Are you aware of the LEGO framework? Yes: 77.8% No: 6.4% No answer: 15.8%
Do you use the LEGO framework? Yes: 53% No: 42.9% No answer: 4.1%
Reasons why people do not use LEGO trains • Code under development/ not stable/ not ready for the LEGO trains. • Missing documentation/instructions • No ESD trains/Only AOD centric analysis • Don't believe in AOD analysis and use a batch farm • So far because my needs could not be satisfied • For new analysis code, I am running the analysis task in 'let-me-start' way, i.e. the output of my jobs is a big tree. I would check as much as possible cutting variables.
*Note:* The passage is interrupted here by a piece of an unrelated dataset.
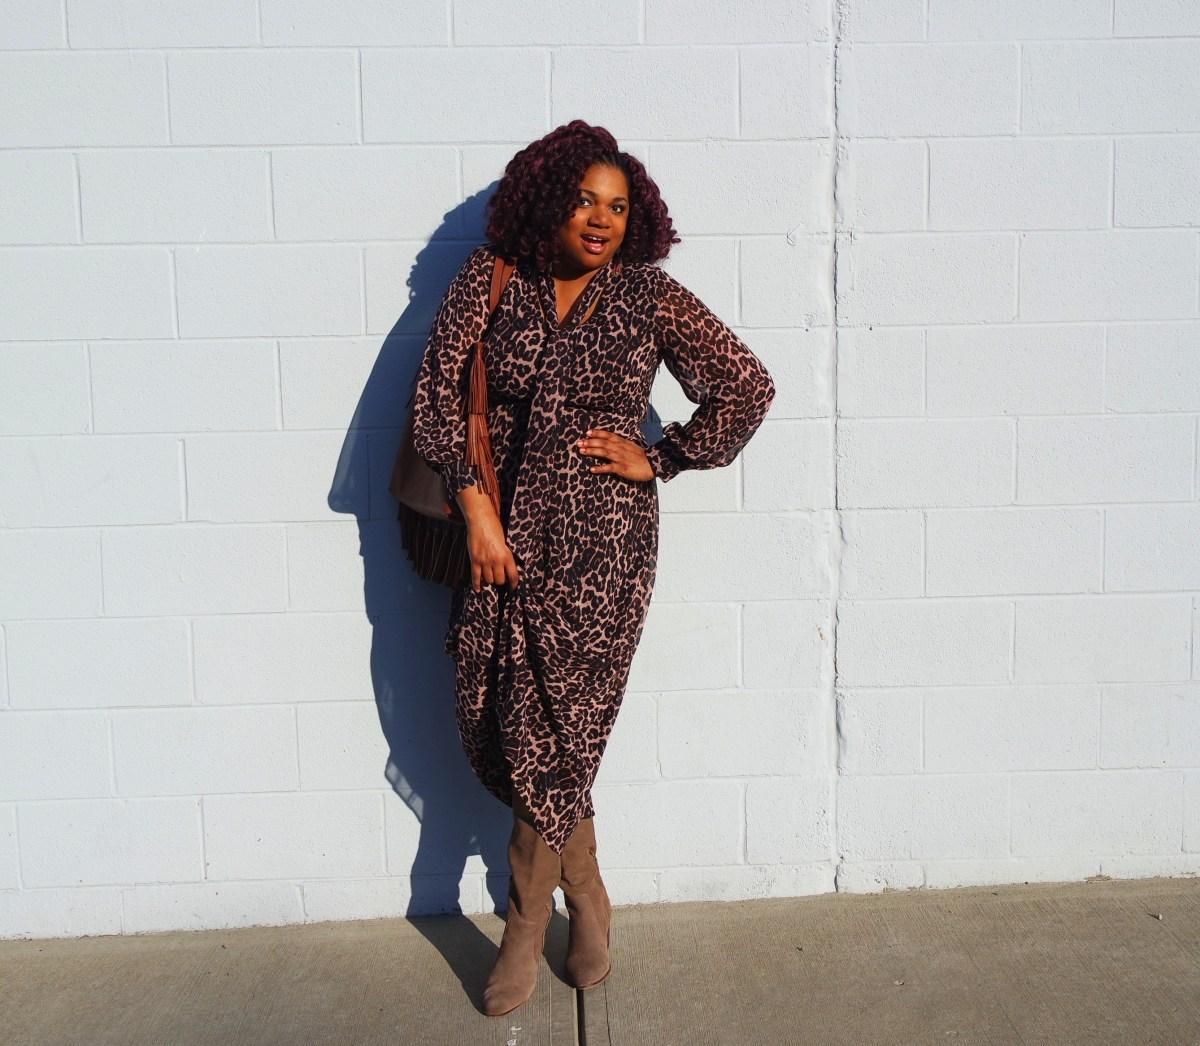 Style Sunday | 2 Ways To Wear Leopard Print

Reasons why people do not use LEGO trains • Local batch farm is more performing, easier to use • Better debugging possibilities • higher flexibility • faster processing • better control • Because most of what I do can be done off-grid, on (S)AF. • My analysis activities mostly involve detector studies and are mostly done on my laptop or batch systems • Running on CAF; there was not yet the lego train framework; new analysis testing • Merging of large outputs, more flexibility needed • Frequent change of parameters and code
How useful do you consider the LEGO framework (1 - not useful, 5 - very useful)? Mean: 4.7
Do you need extra functionality from the analysis framework?
Required functionality • Easy possibility to write custom streams. • more details for basic selection • Larger size of the buffer for event mixing ? (Do not really know if this is doable easily) • Mainly I need better documentation. I think it's all written but the documentation directly linked to on the offline pages is all >3 years old. Several features are completely undocumented - or at least the documentation is so obscure as to effectively not exist. • Trigger information at analysis level. Smarter merging. Now it only starts once all jobs are finished. Why not start merging when the first files are created? And then just do bookkeeping. Now we are in a situation where people doe their own merging on local clusters since that saves you 2 days!
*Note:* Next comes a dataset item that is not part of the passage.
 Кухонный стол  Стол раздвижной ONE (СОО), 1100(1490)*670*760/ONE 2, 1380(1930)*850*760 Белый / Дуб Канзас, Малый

Required functionality • Have access from within AODs of general things useful for all analysis, like trigger configuration (to get scalers, downscaling, etc..) and LHC information (to get lumi, etc...). Those things are mostly run-based and not event-based. • While running the merging (with a user job) a subjob can fail due to a corrupted/inaccessible file. This implies a significant loss of statistics that could be avoided if this error could be automatically detected and the job resubmitted skipping that specific file. • Embedding of real data and MC digits is missing. We run custom jobs which simulates events, read ESD of real data, convert ESD objects to digits, merge data digits with MC digits, run reconstruction, produce a new ESD, then filter to AOD. Only after that we can use the analysis framework to analyzed such embedded AOD.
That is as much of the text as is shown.